8.12.07

INTÉ !!

Ai, ai, já rimos um bocado, demos altas gargalhadas, hora de voltar à vaca fria, como diria minha avó – a vida continua. Aprendi algumas cositas nestes quase 4 meses (interruptos), já cansei de repetir que comecei isso aqui por interesse profissional. Mas também por curiosidade pessoal. Num tempo em que pessoas conseguem ficar íntimas de quem nunca viram lá do outro lado do rio, mas evitam qualquer intimidade com quem mora na porta ao lado, queria ao menos tentar entender os atrativos da blogosfera. “Blogar vicia...”, alguém sempre soprava. Como pode alguém se viciar em escrever bobagens pra expor ao mundo e depois ficar lendo comentários anônimos, seja por que não assinados, seja porque assinados por alguém de que não se conhece carne, osso ou alma? Se é vício, é meio hedonista, não?
Voltando à vaca fria, aprendi que a história do Verbo foi escrita pelo diálogo. Quantas vezes lamentei as porcas ferramentas oferecidas pelo Blogger, que já parte do velho princípio de que quem escreve é mais importante do que quem lê, ou de quem comenta! O espaço do post é livre e tem alta visibilidade, o de quem comenta fica recluso a uma janela, ou a uma página à parte, distante do texto... Naveguei muito – não muito, é verdade, se imaginarmos o tamanho da blogosfera e a quantidade de novos blogs que surgem todos os dias – o suficiente para perceber que raras vezes o autor do post se digna a dar uma resposta. Neguinho puxando uma conversa, puxando o saco mesmo, em busca de uma palavra, uma palavrinha apenas, mas o autor se fecha em copas... Ou responde malcriado, na linha “os incomodados que se retirem, esse espaço é meu, faço dele o que quiser”, cansei de ler coisas assim, nada espantoso, apenas mais uma demonstração do EU. Acabei por freqüentar aqueles que se davam ao trabalho, ainda que sem muito esforço, de um “olá, eu li sim”. Listei alguns blogs aqui, uns porque realmente me divertiam, outros porque se mostravam abertos a alguma troca de idéias. Mas a verdadeira conversa rolou foi aqui mesmo, no pequeno espaço dos comments. O que reafirmou minha certeza de que não pode haver “moderação” ou censura de qualquer espécie, e o motivo é simples: se você escreveu um texto, uma bobagem qualquer, e publicou no mundo, então güenta! Tem que receber o feedback na lata! A outra opção é continuar cometendo textículos (by MR) que vão parar no fundo da gaveta... ~

E nesse mundão que é a web e sua blogosfera, deu pra perceber que 99,5% são pura merda.

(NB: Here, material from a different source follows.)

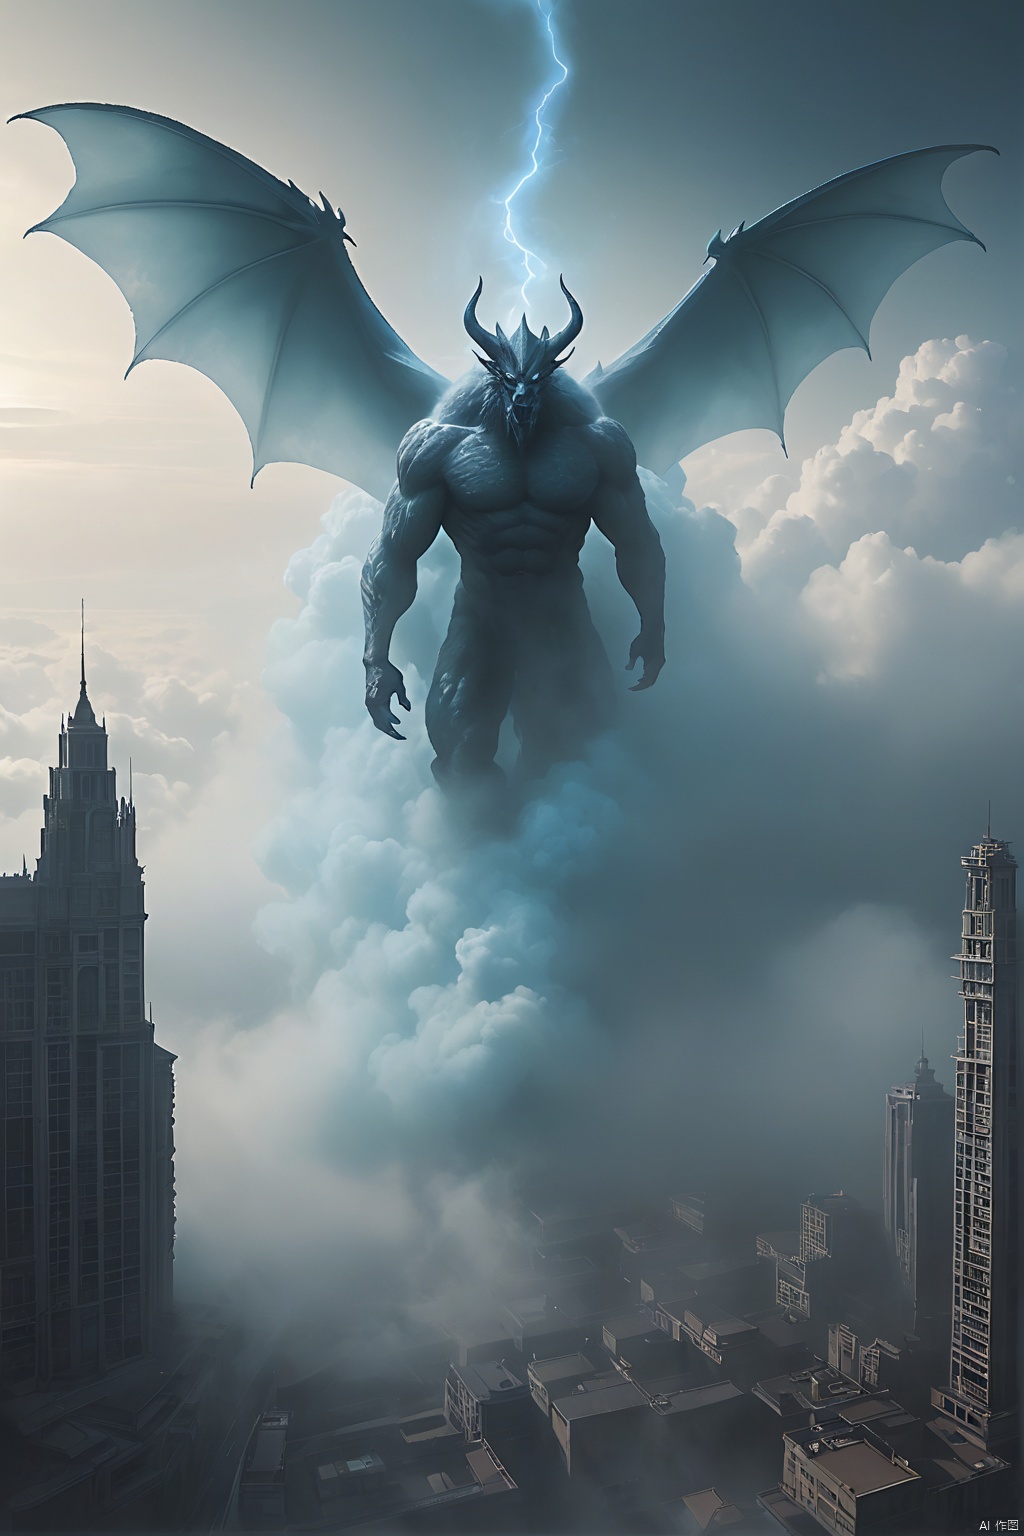  Giant Creature, (Super Giant Cloud Demon coalesced by thick fog), floating over the city,, Cloud Demon's body is immense like a huge white cloud, eyes glinting with intelligence, it's body is surrounded by white clouds, connecting it to the sky and the earth, in the midst of the city's hustle and bustle, thick fog, Creature's body is tall and tall in the sky, with a hooded cover, Robust human body is covered by a large amount of white dark fog, thick fog, Bio-Chemical Mutant Nuclear Grotesque, Bioluminescent Bioluminescent, Zdzistaw Beksinski, H R Giger, Webbed Feet Webbed Foot Tentacles, Rudimentary Wings Mutilated Wings, Erratic Irregular, Wrinkled Folds. Microbiology Microbiology, Phosphorescent Phosphorescent, Scaly, Camouflaging Camouflaging, Translucent Resin Wave Style, bryce 3d, Fresco-like Composition, Weathered Material, Luminous, The
Background: looking up from below

Os outros 0,5% ficam tentando provar que são A exceção, com A maiúsculo mesmo, em mensagens cifradas, textos pseudo-eruditos, citações não autorizadas ou inventadas, frases com significado oculto e por aí vai. Tem até quem pense que isso é mesmo coisa séria, que rir em blog é pecado... Bem, depois de 79 posts (este é o 80º!) afirmo que bloggar não vicia, mas dá trabalho e toma tempo – trabalho já temos todos de sobra e tempo é coisa que nos falta. Como já anunciei em conversa lá no Dom Caixote, vou pela lei do menor esforço, por motivo de força menor. Calma, gente, juro que eu e RM combinamos nadinha – na verdade combinamos algumas coisinhas, sim, mas não essa rsrsrs – é que tem coisas bem mais bacanas pra se fazer, simples assim! Encerro isso aqui com agradecimentos sinceros a todos os que passaram por aqui um dia e aos que participaram assiduamente dos bate-papos: à Simone Maia, que foi a primeira a encontrar o Verbo; ao MR, leitura obrigatória e que se tornou amigo de carne e osso; à Clarice, que tantas vezes se abriu aqui, tornando-se mais real que virtual; ao Rafael, pelas importantes provocações – e a quem peço desculpas se por acaso um dia a confraria foi meio cruel – repara não, criança é mesmo cruel rsrsrs; à Amélie, não apenas pelas lições de postagem, mas também pela coragem (não tentei a rima, saiu, sorry...); à Cláudia, que foi ganhando força e se fazendo presente com doçura mais que necessária; à Malu pela alegria, pela juventude e pela espontaneidade; mais recentemente à Anna e à Mara, que em pouco tempo marcaram este espaço. Mas o agradecimento especial todos já adivinharam pra quem vai: ao Roney Maurício, o RM, por promover a única coisa que de fato interessou a todos por aqui: o diálogo.

Inté qualquer hora e não se esqueçam de sorrir!